RFPの品質要求・性能要求について,(1),(2)に答えよ。
  • 表1において,画面レスポンス時間とサーバ内処理時間に分けて目標時間を設定した。本文中のパフォーマンス要求の項において,サーバ内処理時間に関しては目標時間を達成することを条件として課したが,画面レスポンス時間に関しては努力目標とした理由を,40字以内で述べよ。
  • キャパシティ要求の項において,取扱いデータ件数に関して追記すべき事項を,20字以内で述べよ。

解答入力欄

解答例・解答の要点

    • 画面レスポンス時間は,利用者環境やネットワーク環境に依存するから (32文字)
    • 5年後の取扱いデータ件数 (12文字)

解説

  • 問題文の〔RFP作成チームの発足とRFP記載内容〕の表1によると、画面レスポンス時間は「顧客がシステムに指示してから、顧客側の画面に結果が表示されるまでの時間」と定義されています。今回のシステムは問題文冒頭の図1にある通り、顧客が所有するPCやスマートフォンのWebブラウザから、インターネットを通じてP社のサーバにアクセスする構成になっています。インターネットは公衆回線ですから回線速度の保証がありません。
    このため、顧客が使用する端末の性能やネットワーク環境によって応答時間は大きく変化します。使用環境が悪ければ目標処理時間を超過する可能性があります。顧客やネットワーク環境の問題はシステム側でどうすることもできないため、画面レスポンス時間は努力目標となっています。

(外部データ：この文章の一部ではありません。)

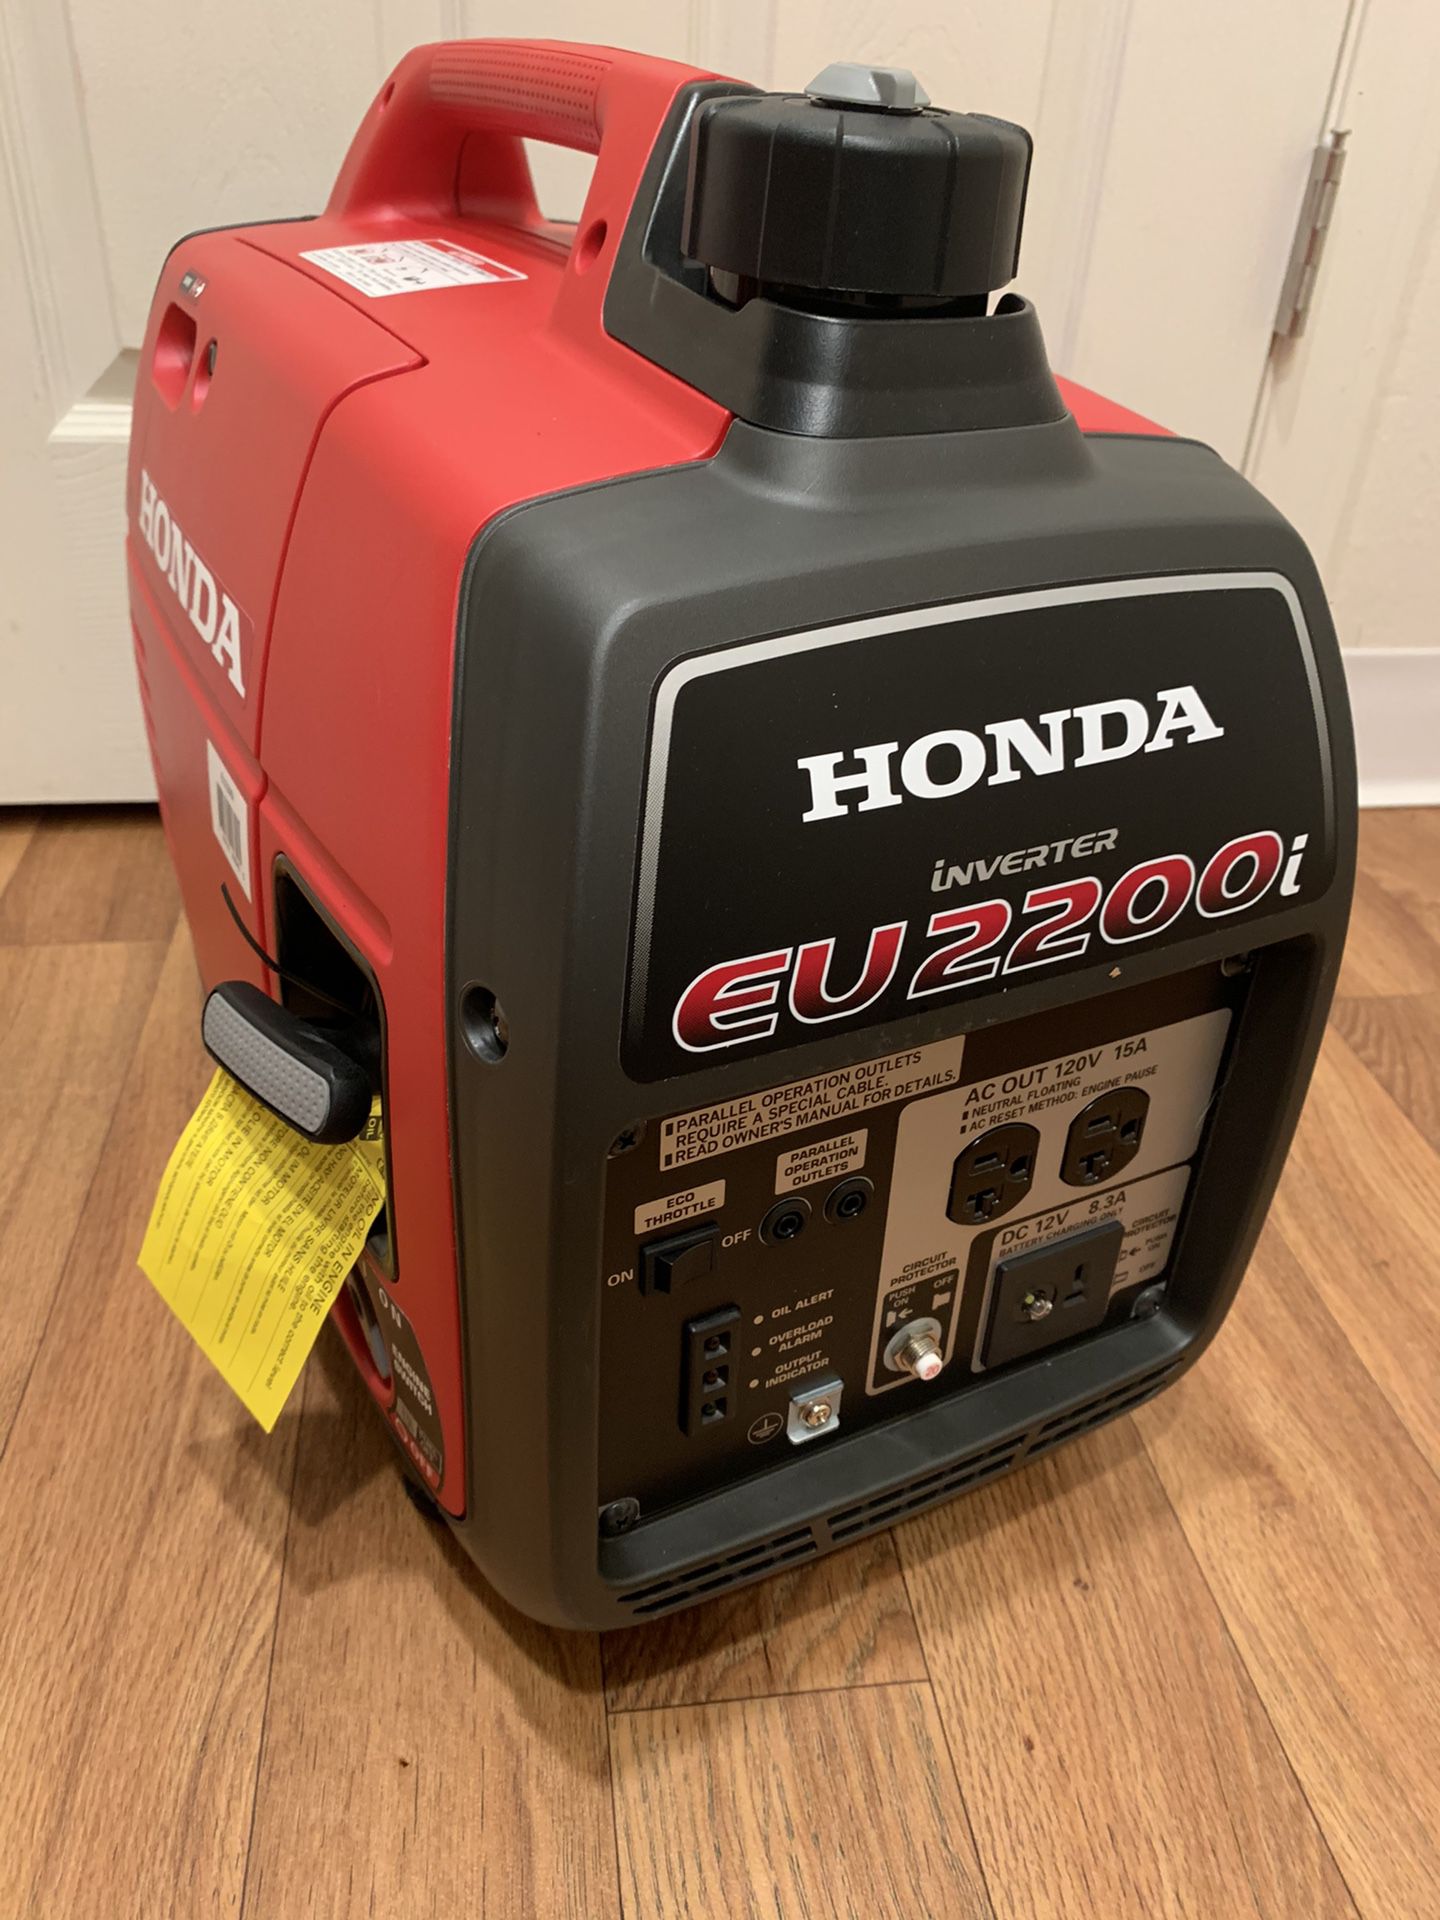 Honda generator EU2200i. $850 firm on price

    ∴画面レスポンス時間は,利用者環境やネットワーク環境に依存するから

  • 問題文の冒頭で、優先度の高い目標として「5年後の法人顧客数を現時点の4倍,受注総件数を現時点の3倍と設定し,それに対応したシステムとする」と記載があります。しかし、(3)キャパシティ要求には現時点での取扱いデータ件数しか記載されていませんから、このままだと受注会社から5年後の取扱件数を考慮しないシステムの提案が上がってくることになります。したがって、RFPのキャパシティ要求に「5年後の取扱いデータ件数」や「5年後の法人顧客数及び受注総件数」を明記し、このデータ量を処理できるシステムを提案してもらう必要があります。

    ∴5年後の取扱いデータ件数

設問4

提案依頼先からの提案内容を評価する際に,本文中の下線①のなりすましに対する直接的な対策として適切な事項を,解答群の中から二つ選び,記号で答えよ。
解答群
  • USBメモリなど外部媒体への機密データのコピーの禁止
  • Webアプリケーションの脆弱性を悪用した不正アクセスの防止
  • ウイルス対策ソフトの導入
  • 機密データの暗号化
  • パスワード照合に規定回数失敗したユーザアカウントのロック

解答入力欄

解答例・解答の要点

解説

  • 機密データのコピーを防止する規定は情報漏えい対策にはなりますが、なりすまし対策にはなりません。
  • 正しい。Webアプリケーションに脆弱性があると、SQLインジェクションでパスワードを盗まれたり、セッションハイジャックでログイン中のセッションを奪取されたり、通信経路上で秘密情報を窃取されたりすることにより、不正ログインが成立してしまうことがあります。これらを防ぐため、Webアプリケーションの脆弱性をなくすことは重要です。
  • ウイルス対策ソフトの導入は、なりすまし対策にはなりません。システムにマルウェアが侵入した場合に、システム上のデータが破壊されたり改ざんされたりするのを防ぐことができるので、完全性を高める対策と言えます。
  • 機密データの暗号化は情報漏えい対策にはなりますが、なりすまし対策にはなりません。
  • 正しい。ログインに一定回数失敗した場合にアカウントへのアクセスを禁止する措置を「ロックアウト」と言います。この仕組みを設けていないとブルートフォール攻撃(総当たり攻撃)により不正ログインが成立してしまうことがあります。よって、ロックアウト機構を設けることは、なりすまし対策として有効です。